When there is no data scheduled for transmission and/or reception through the pico-base-station 150 as a standalone cell, the network can configure the pico-base-station 150 to transmit synchronisation signal and broadcast signal on subframe #0 and #5, and CRS on subframe #0, #4, #5, and #9 for the purpose of UE measurement, and this may reduce transmit power by up to 60% in comparison with current LTE systems.

A mobile network may decide to reserve a pico-base-station 150 for servicing only advanced UE(s). In this case, the mobile network may configure the pico-base-station 150 to transmit NCT radio frame comprising time multiplexed subframes of new carrier type, as illustrated in the proposed radio frame structure 500 in Fig. 8B.

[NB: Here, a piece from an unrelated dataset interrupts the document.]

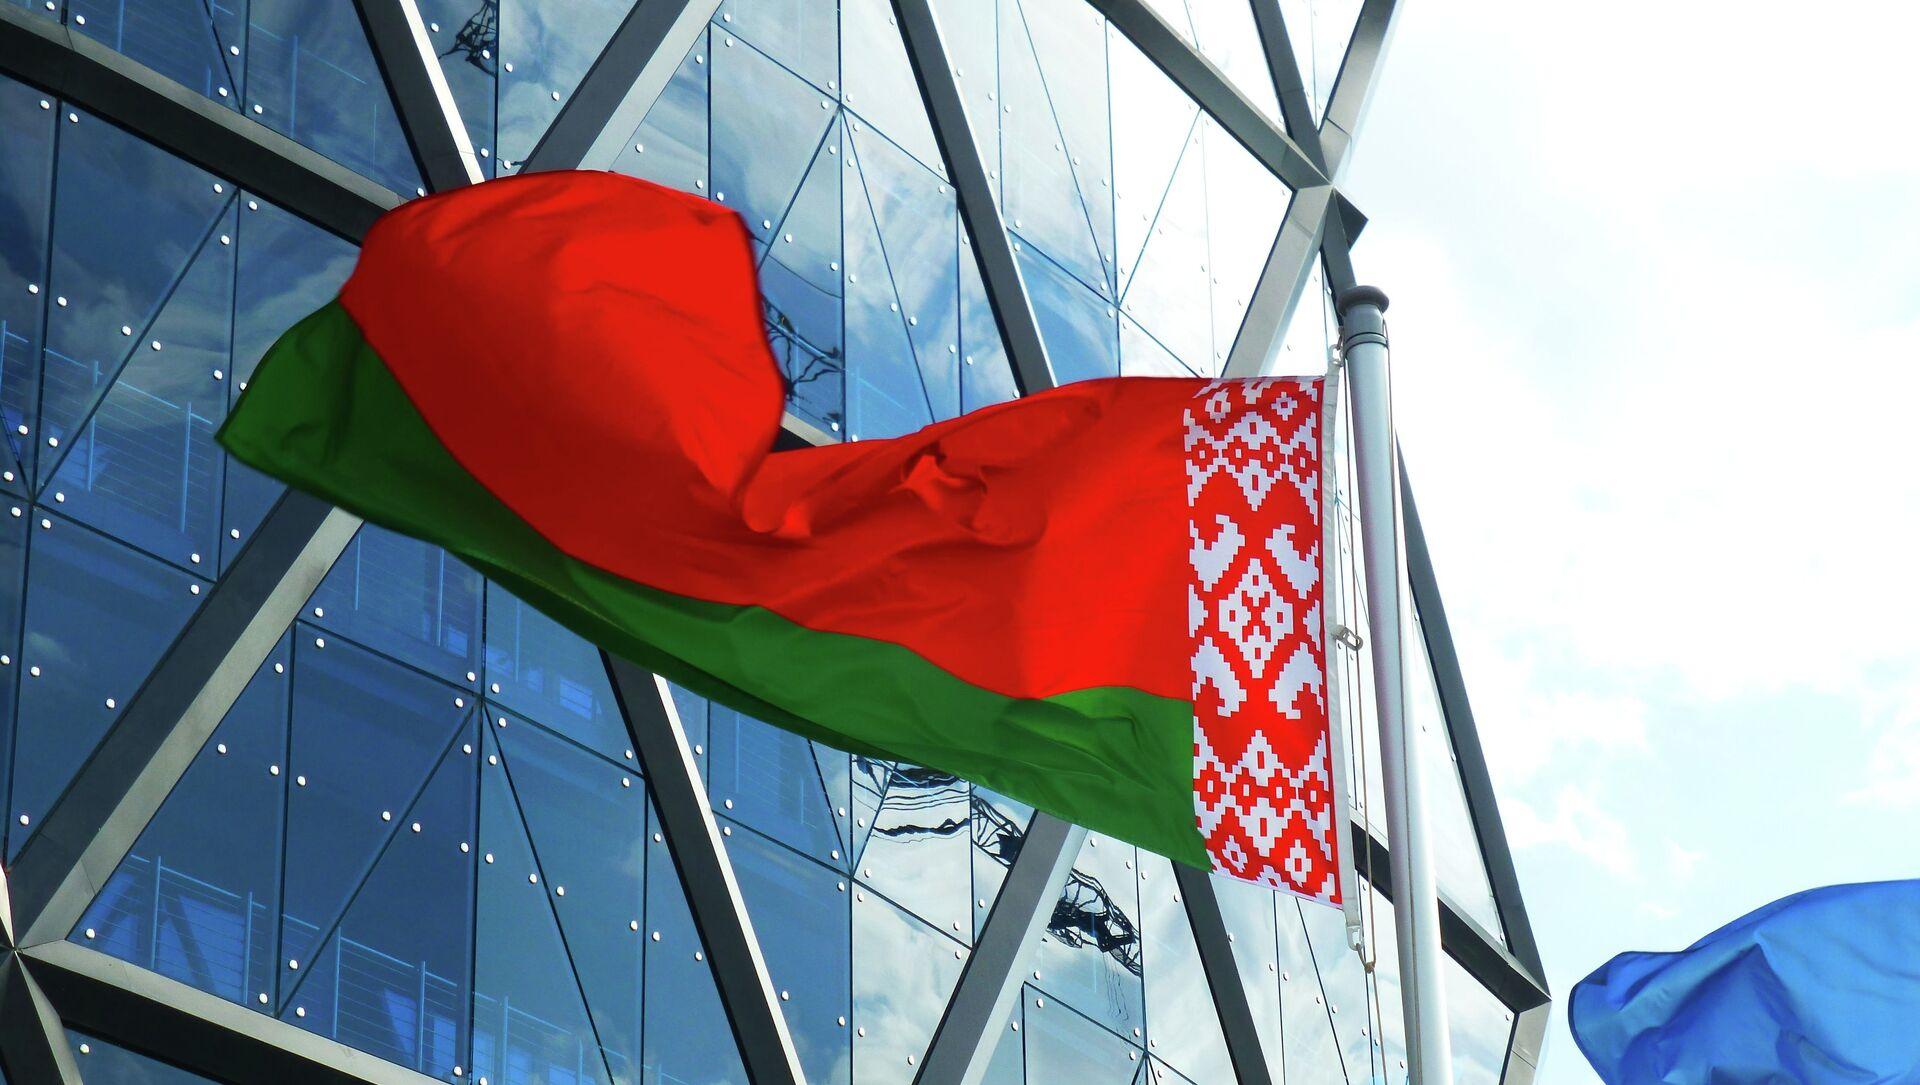 flaga białorusi - Sputnik Polska, 1920, 25.05.2021
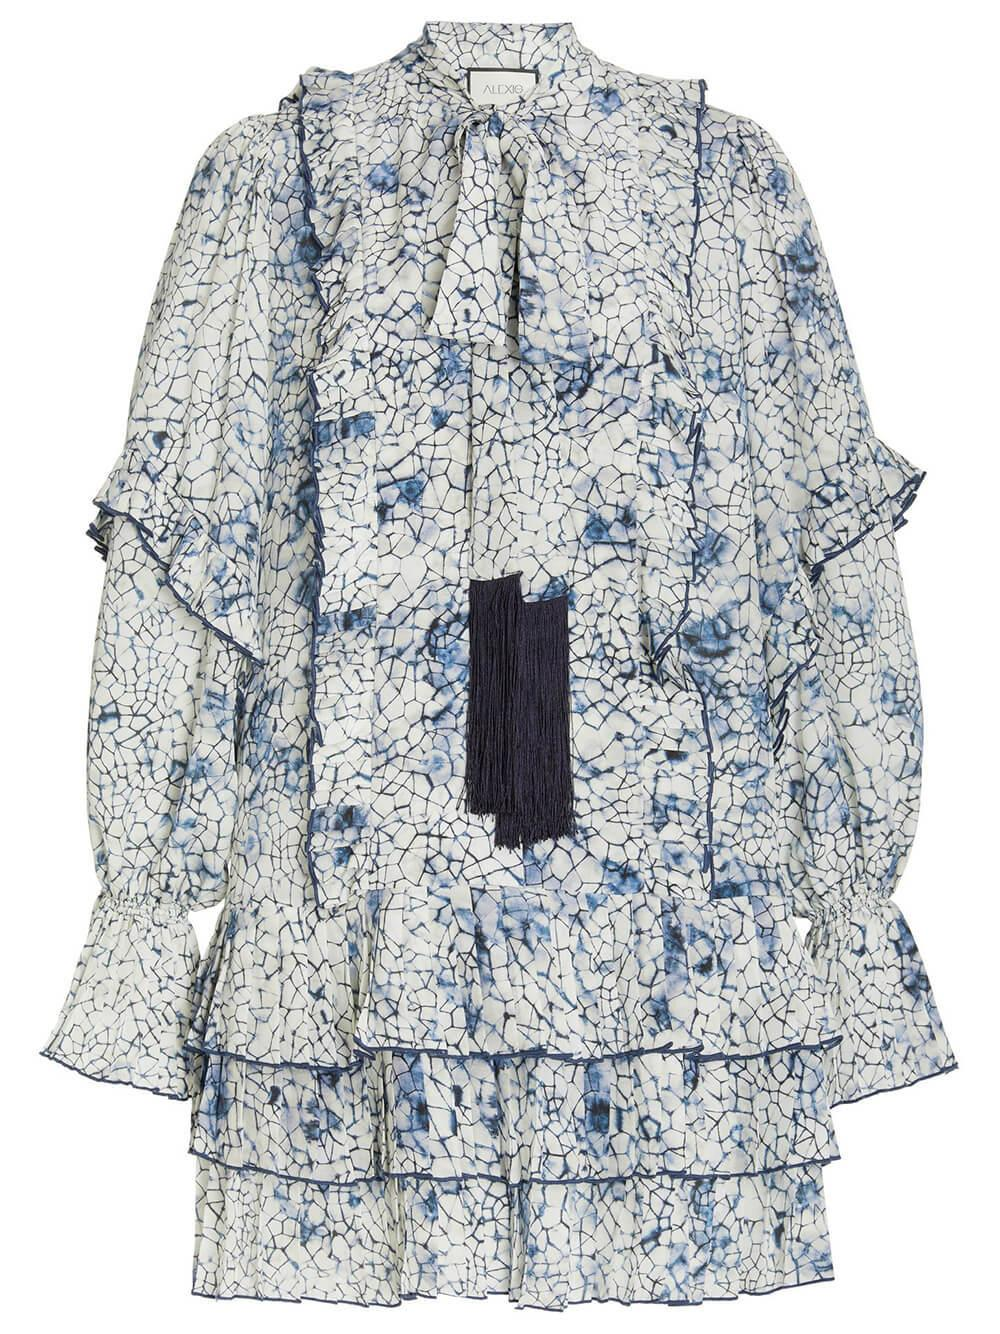 Fortune Mini Dress Item # A3210310-7388

On subframes #0 and #5, the pico-base-station 150 is configured to transmit synchronisation signals 528 mapping on 72 central sub-carriers of two predetermined OFDM symbols. Based on the synchronisation signals 528 mapping on central 72 sub-carriers of two predetermined OFDM symbols, an advanced UE 160 can detect the pico-cell cell-ID and associated timing. A legacy UE may be able to detect the pico-cell cell-ID and associated timing if the two predetermined OFDM symbols are the same as that for legacy system.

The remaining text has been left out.